LEWISTON – A cost-saving plan to build giant underground tanks to hold heavy storm runoff will go ahead, councilors agreed Tuesday.
Councilors approved the purchase of two parcels of land between Lincoln Street and the Androscoggin River for $750,000. That includes 15 Lincoln St., home to Schemengee’s Billiards and Infab Refractories. The second lot, at 34 Water St., is vacant.
The building will be torn down to let crews work on an underground stormwater line there. The city plans to install a series of five 350-foot-long concrete culverts underground on the Water Street parcel.
Downtown storm drains would flow into the tanks during heavy storms. That water would be pumped back through the treatment plant once the storm had passed and the runoff had subsided.
The project will cost $5 million, compared to the $21 million for a combined sewer overflow project. The overflow project would involve digging up most of the downtown streets over the next several years.
Preliminary work should begin this fall and wrap up next summer – just in time to meet a federal storm-sewer separation deadline, according to Lincoln Jeffers, assistant to the city administrator.

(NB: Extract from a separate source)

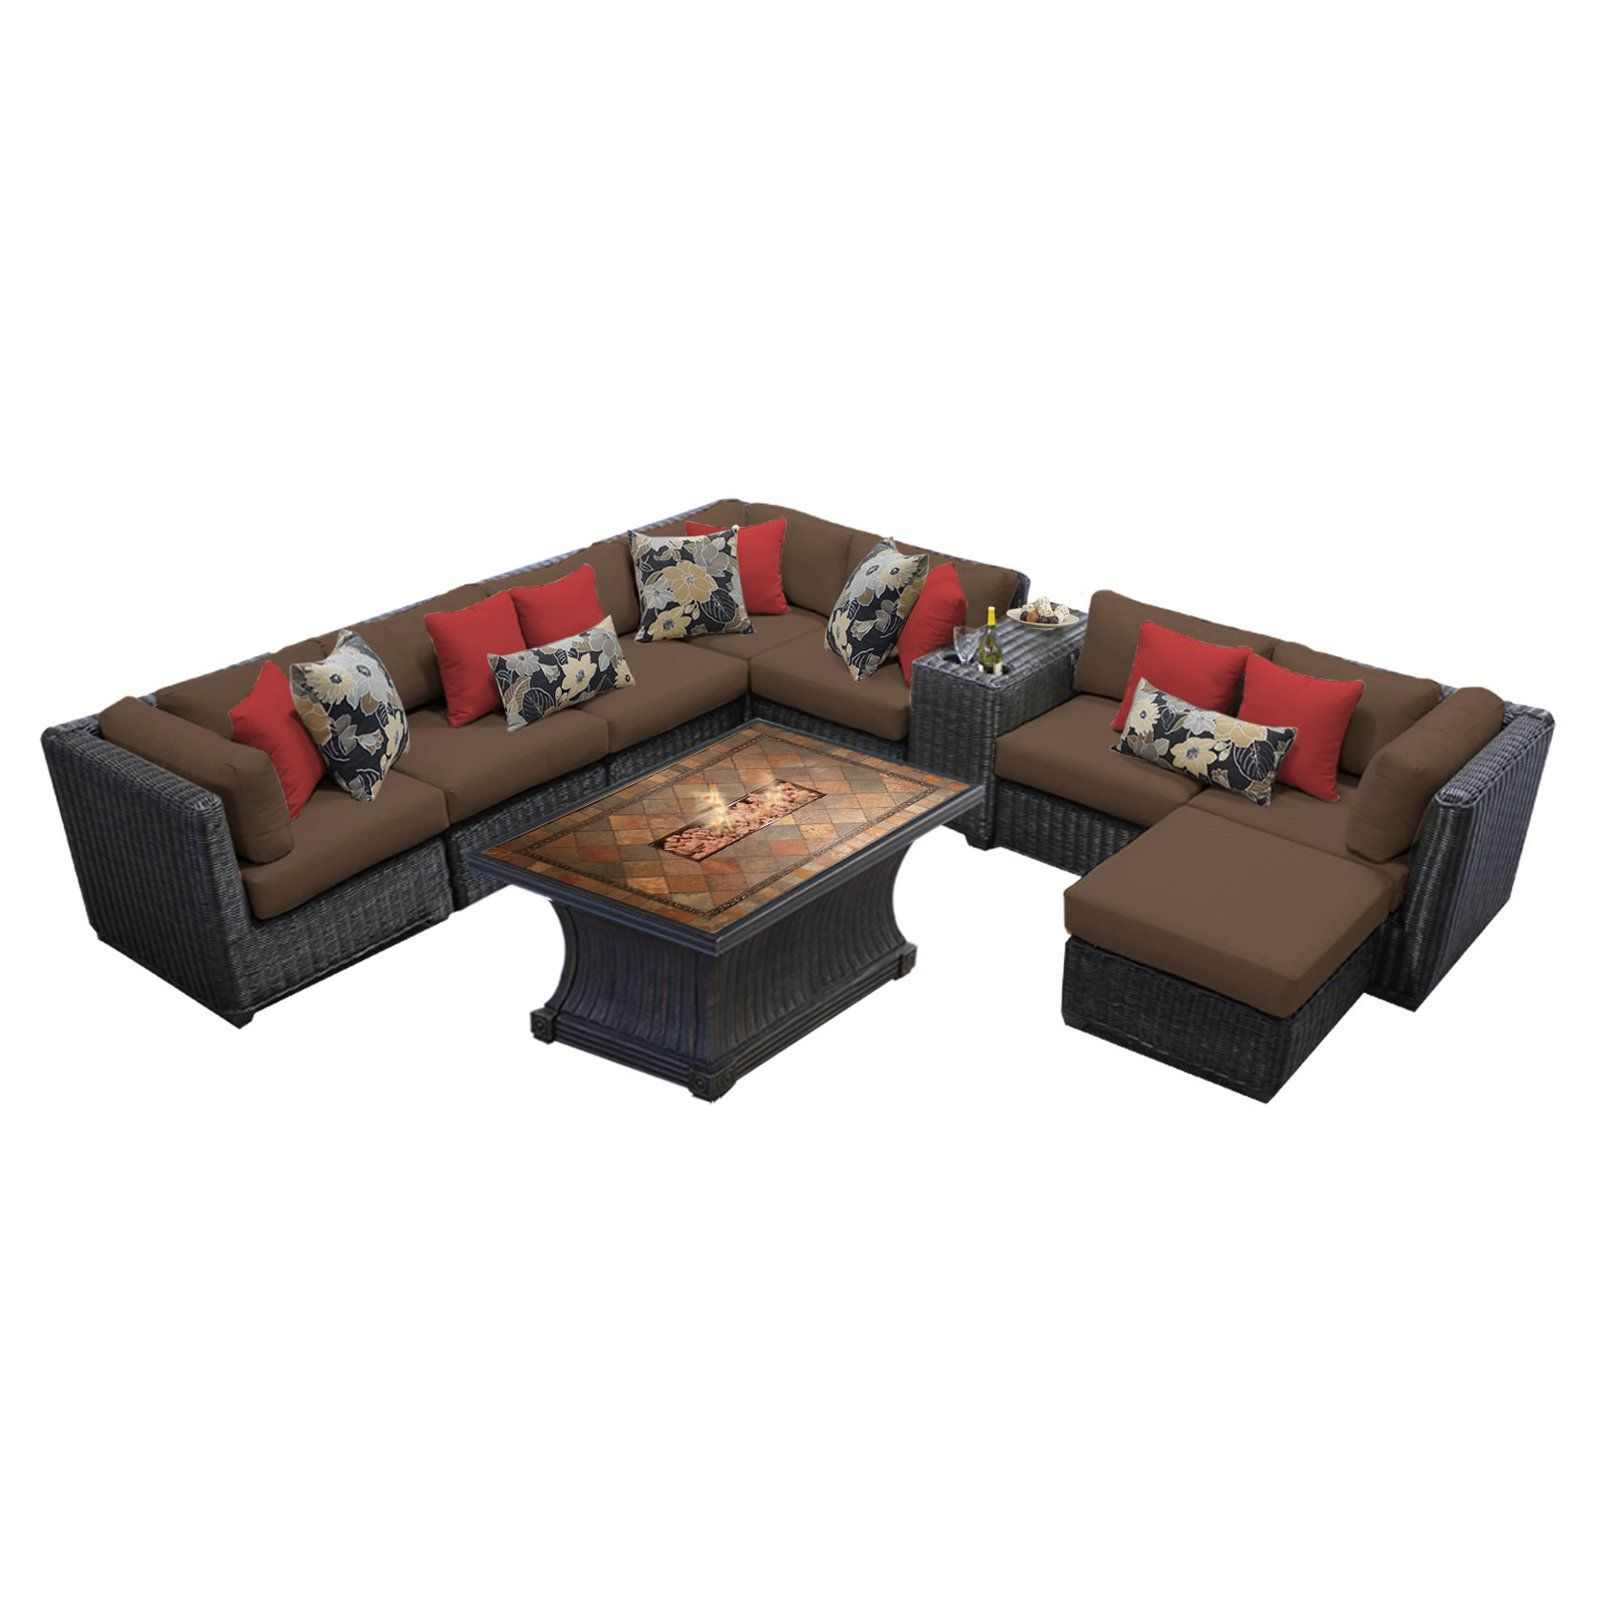 Admirable Tk Classics Venice 10 Piece Outdoor Sectional Set With Uwap Interior Chair Design Uwaporg

The city is negotiating with both Schemengee’s and Infab to find new locations, Jeffers said.
Combined sewer overflow systems link storm drains with sanitary sewers from homes and businesses. The street runoff can overwhelm the treatment plant during heavy storms, and that forces a combination of stormwater and sewage into the river.
Lewiston has spent $12.1 million since 1997 on sewer overflow projects, installing about 58,000 feet of sewer drains. Those projects, part of a 15-year program to meet federal water quality standards, involved digging up streets to build a duplicate drainage system for rain and snow runoff.